I think you can register with ECSA.The work you have done or you are doing is very important in your registability.There is also the alternate route if you dont have the benchmark qualification.
I kindly advise you to read registration requirements for all categories on the ECSA website.


----------



## sully007 (Mar 10, 2017)

49761218 said:


> I think you can register with ECSA.The work you have done or you are doing is very important in your registability.There is also the alternate route if you dont have the benchmark qualification.
> I kindly advise you to read registration requirements for all categories on the ECSA website.


Yes thank you. I have read ECSA registration and its unclear if experience is a factor or not in granting membership.

However, I spoke to a solicitor and he stated that without experience in Aerospace, I would not be granted membership.

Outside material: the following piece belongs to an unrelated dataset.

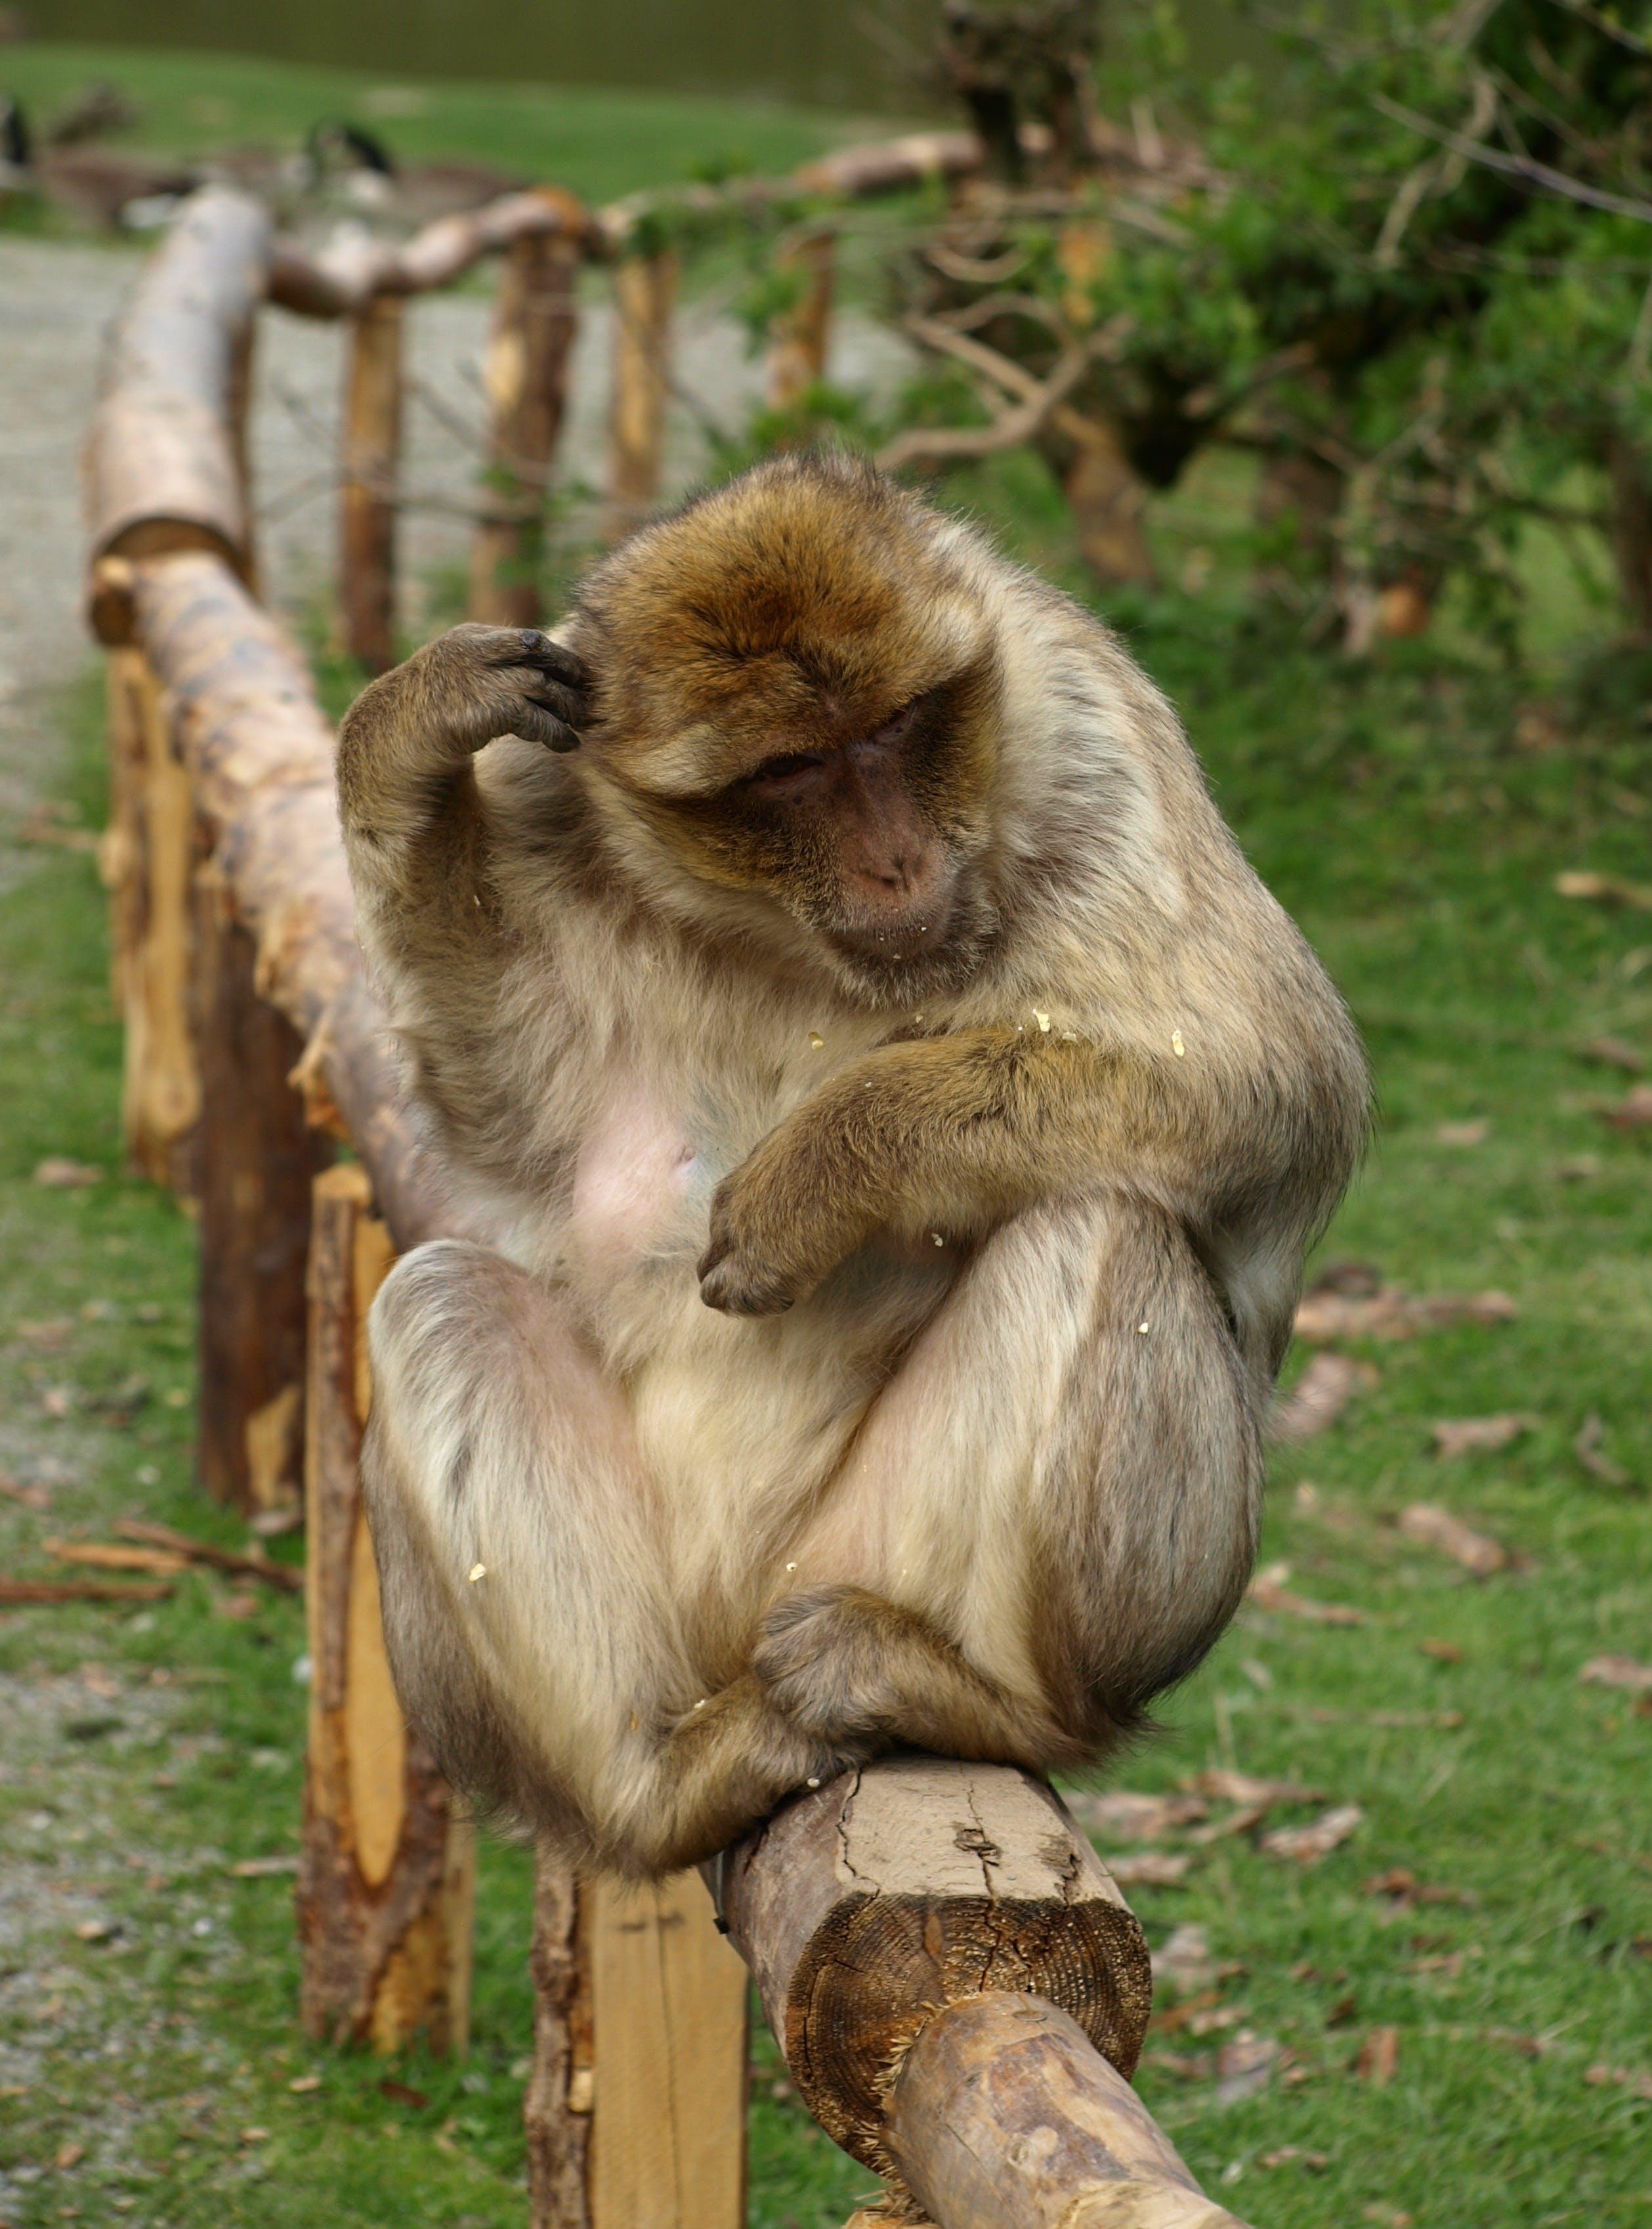 Free stock photo of monkey, thinking, sit, barbary ape
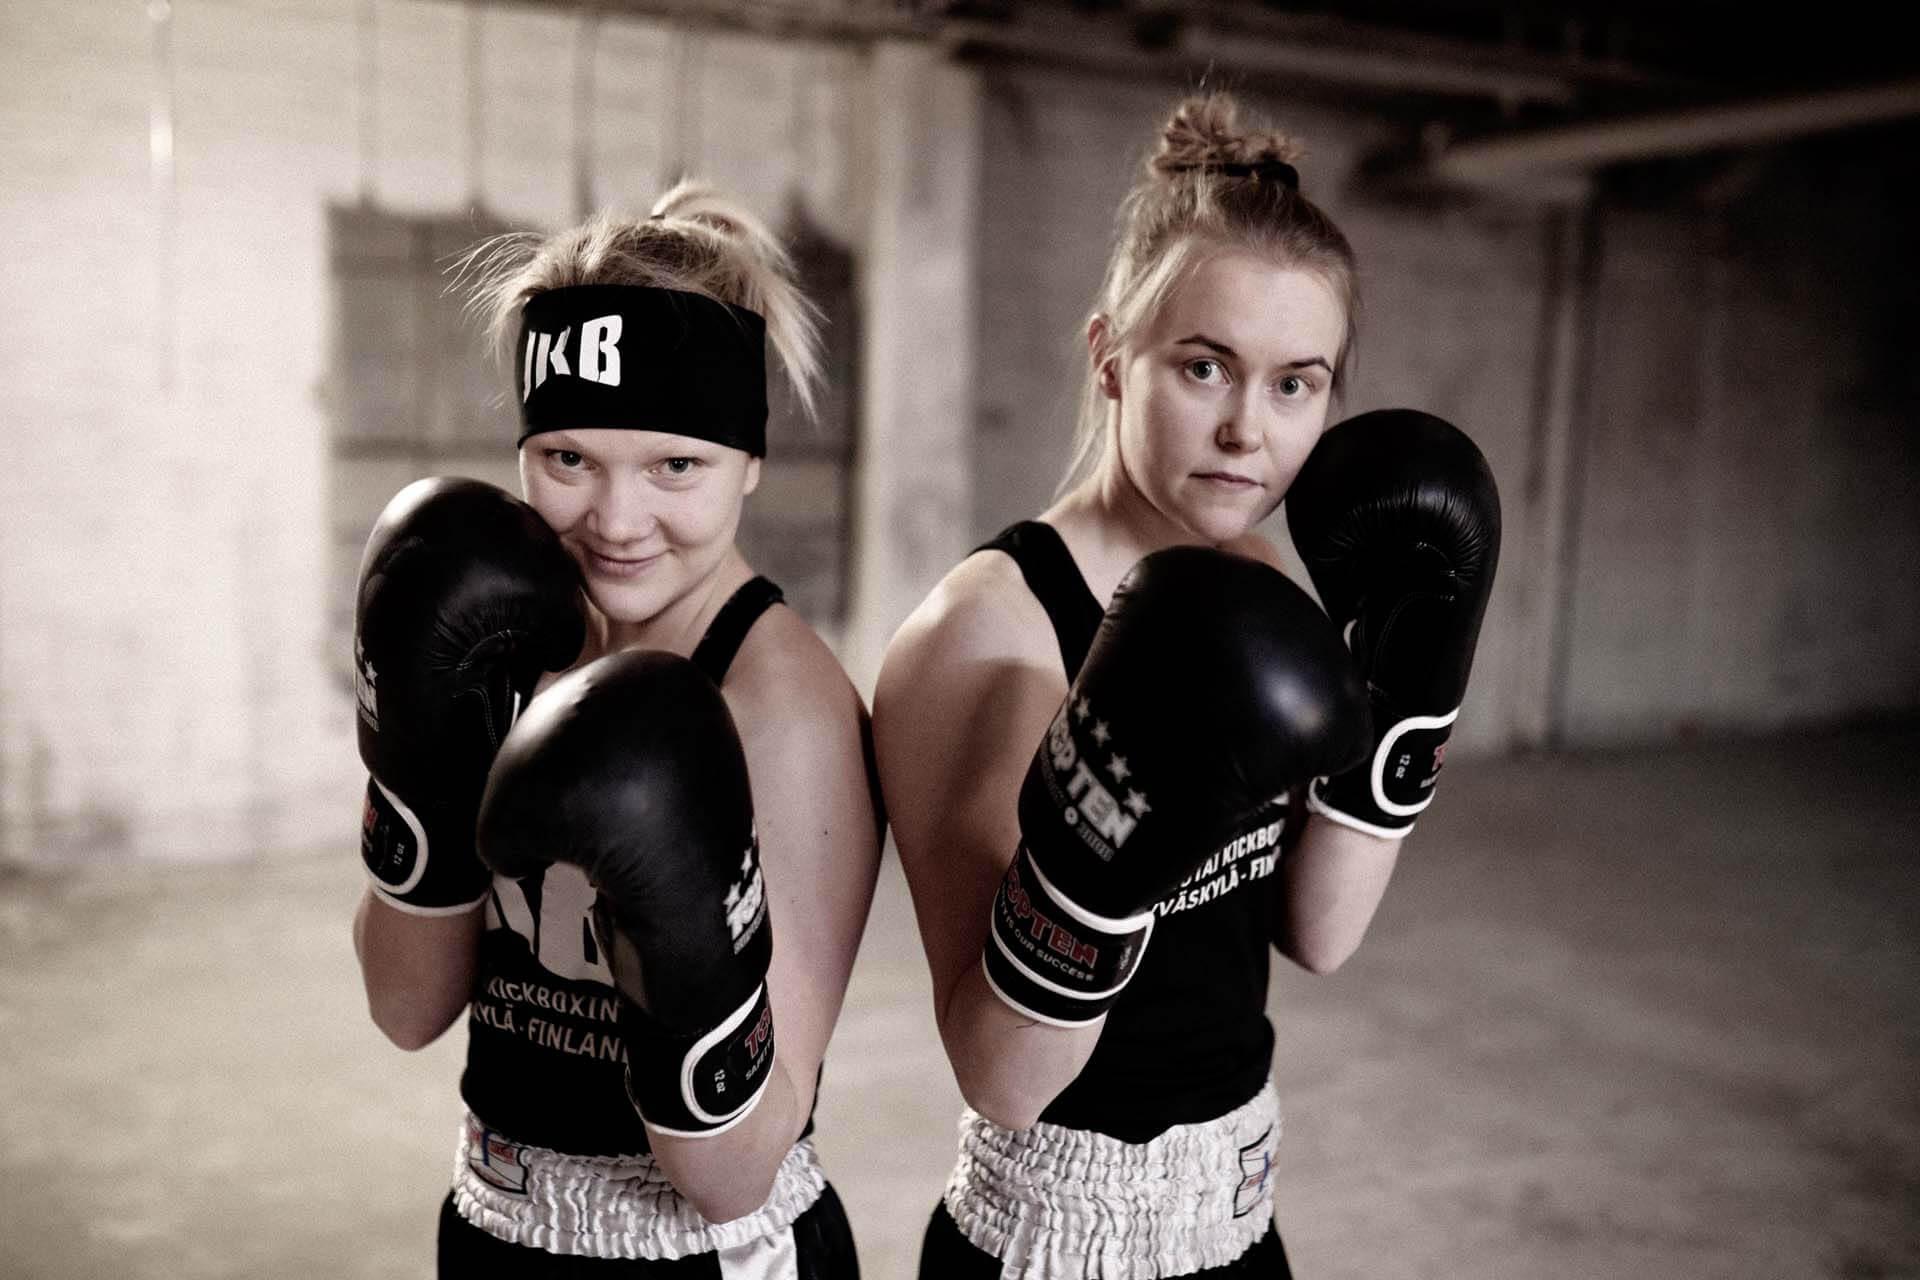 Jigotai Kickboxing

I'm looking for someones personal experience, or even another lawyer on here, with ECSA who may be able to shed some more light on this?

Thanks again


----------



## Kickagainstxenophobia (Feb 9, 2016)

First thing first, timeline registration wit ECSA depends on individual's application. U may want to read again all the requirements DHA needed for your application to go through. If you're applying under critical skills, then registration wit ECSA is mandatory otherwise your application will be rejected. 

Secondly, if u read DHA requirements again, you'll see that SAQA certificate is mandatory otherwise your application will be rejected. Infact, VFS won't accept your documents in the first place for missing SAQA evaluation certificate. 

You'll do yourself a lot of help if u can just go through all the requirements needed by DHA and or ECSA. 

Have a nice day.


----------